Recorded data:
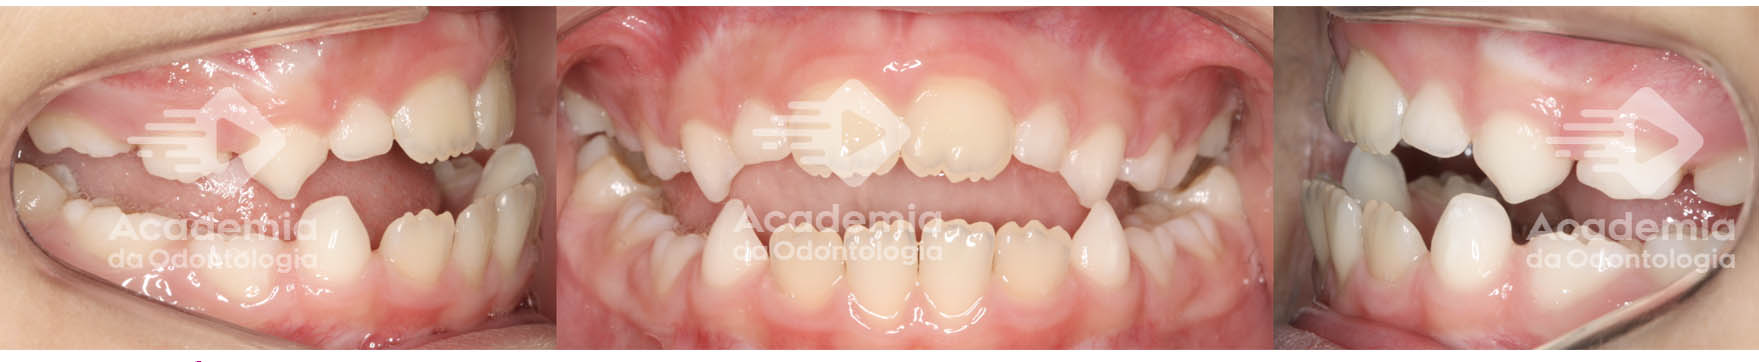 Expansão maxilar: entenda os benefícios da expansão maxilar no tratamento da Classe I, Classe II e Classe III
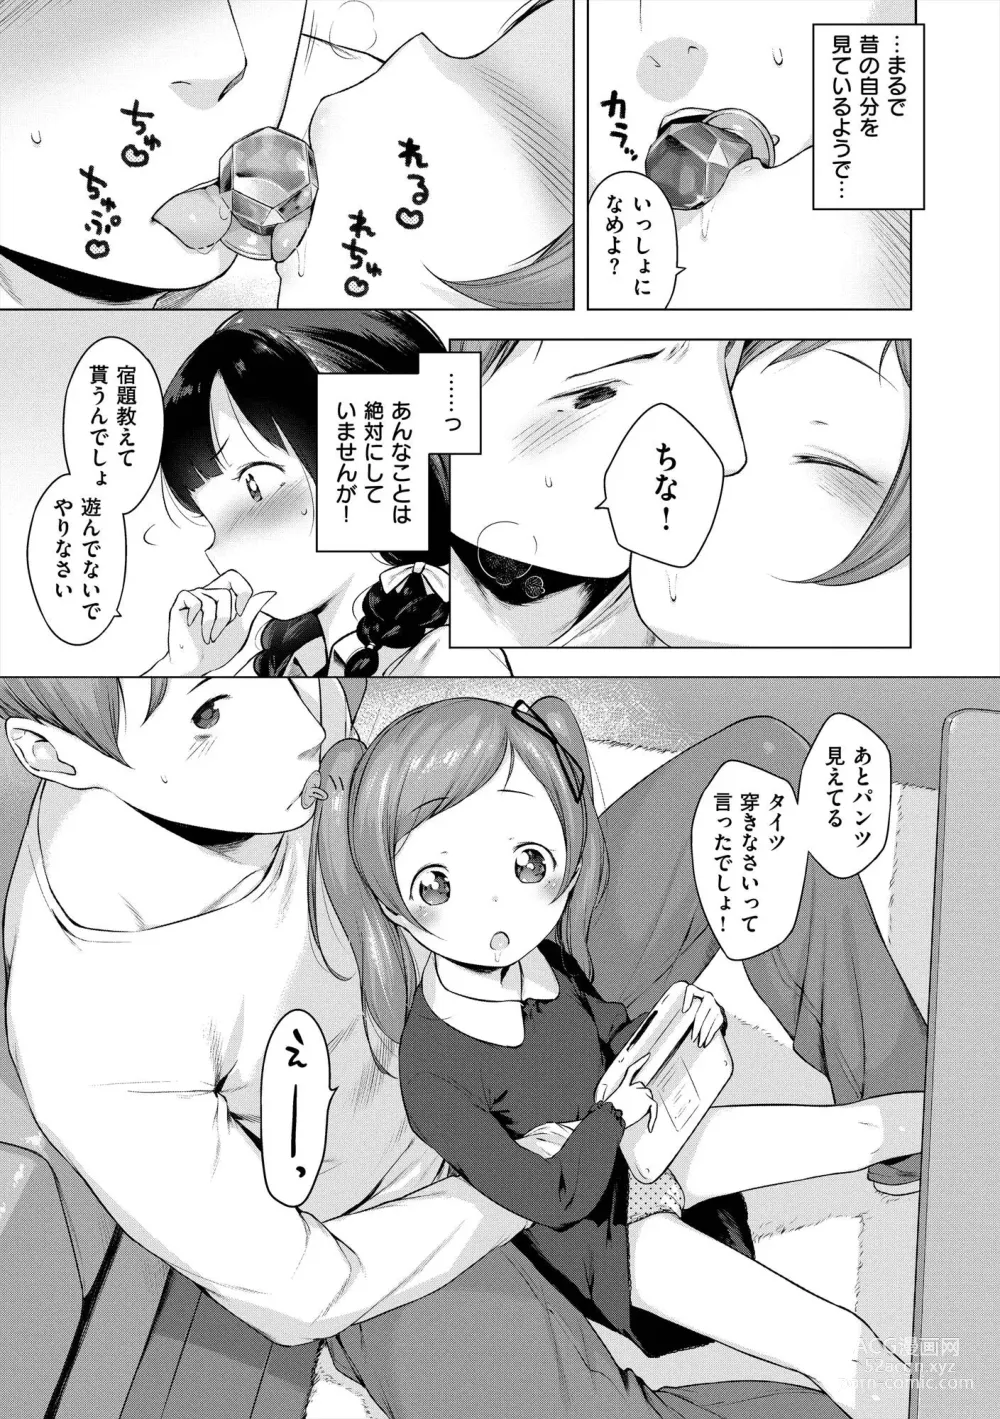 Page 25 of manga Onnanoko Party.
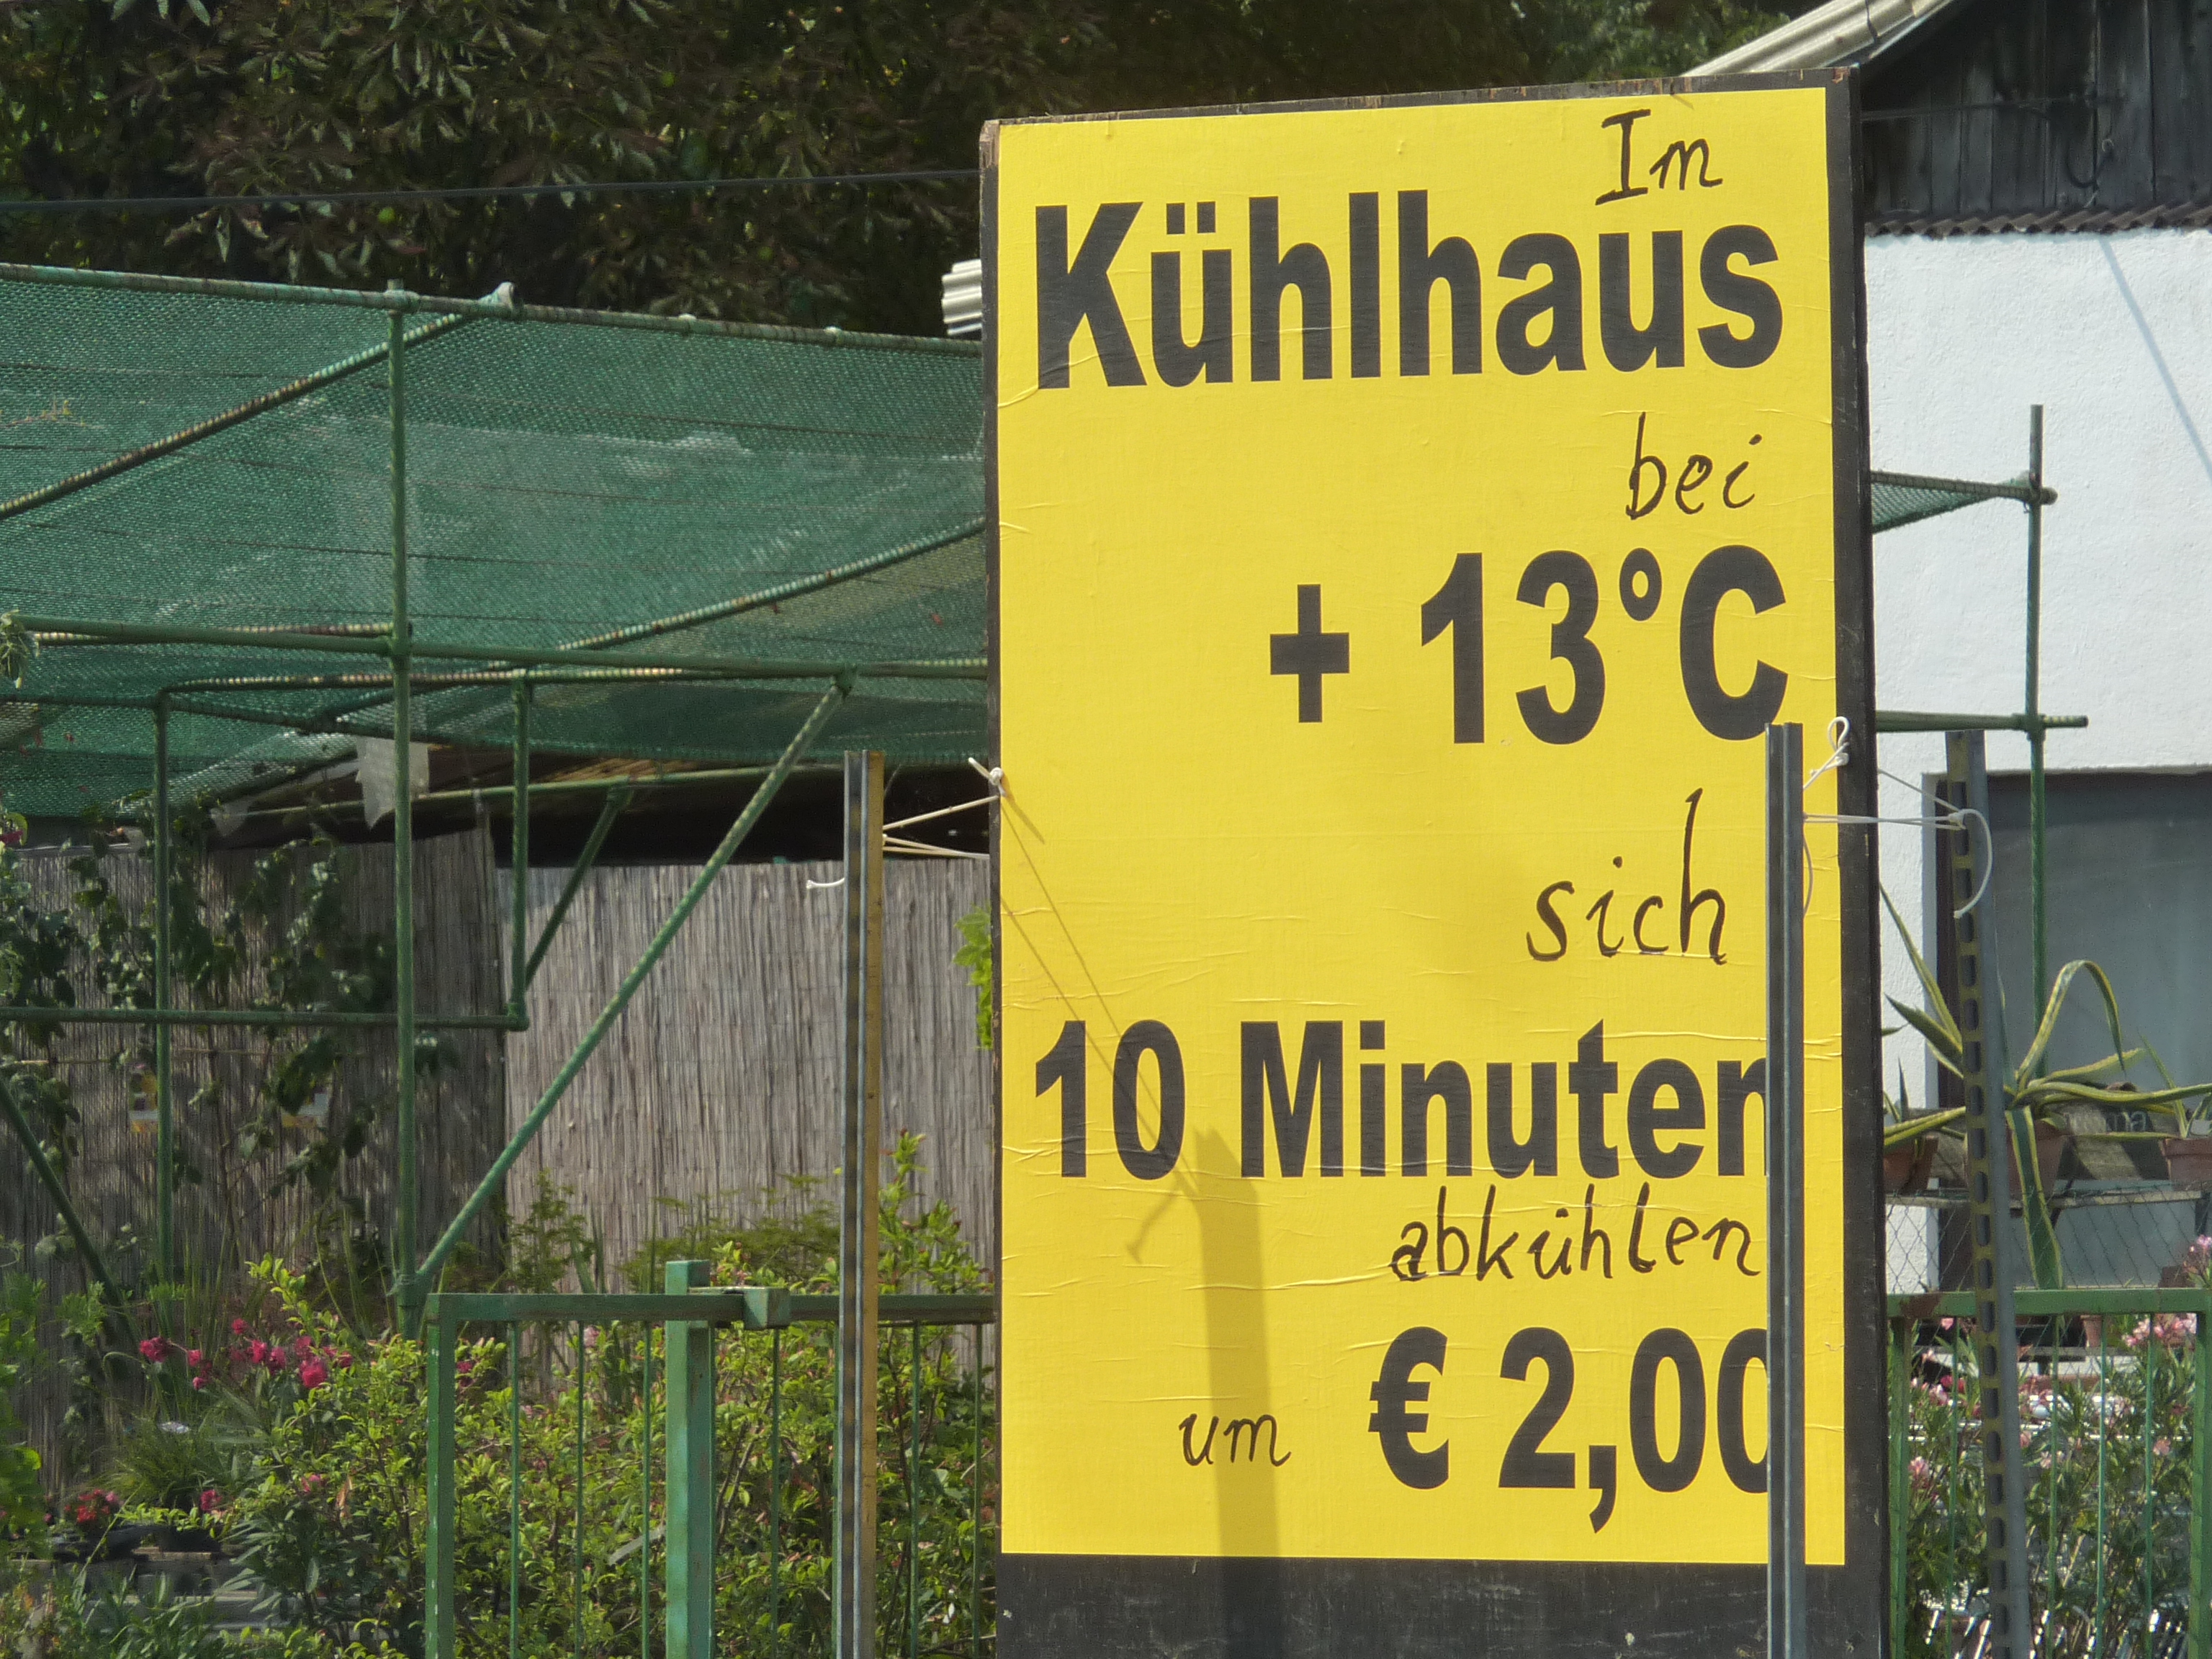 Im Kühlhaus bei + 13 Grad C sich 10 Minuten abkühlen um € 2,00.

What is being asked: Please copy the data shown above word for word, omitting the pictures.

Answer below:
 Expansão maxilar: entenda os benefícios da expansão maxilar no tratamento da Classe I, Classe II e Classe III
 Page 25 of manga Onnanoko Party.
 Im Kühlhaus bei + 13 Grad C sich 10 Minuten abkühlen um € 2,00.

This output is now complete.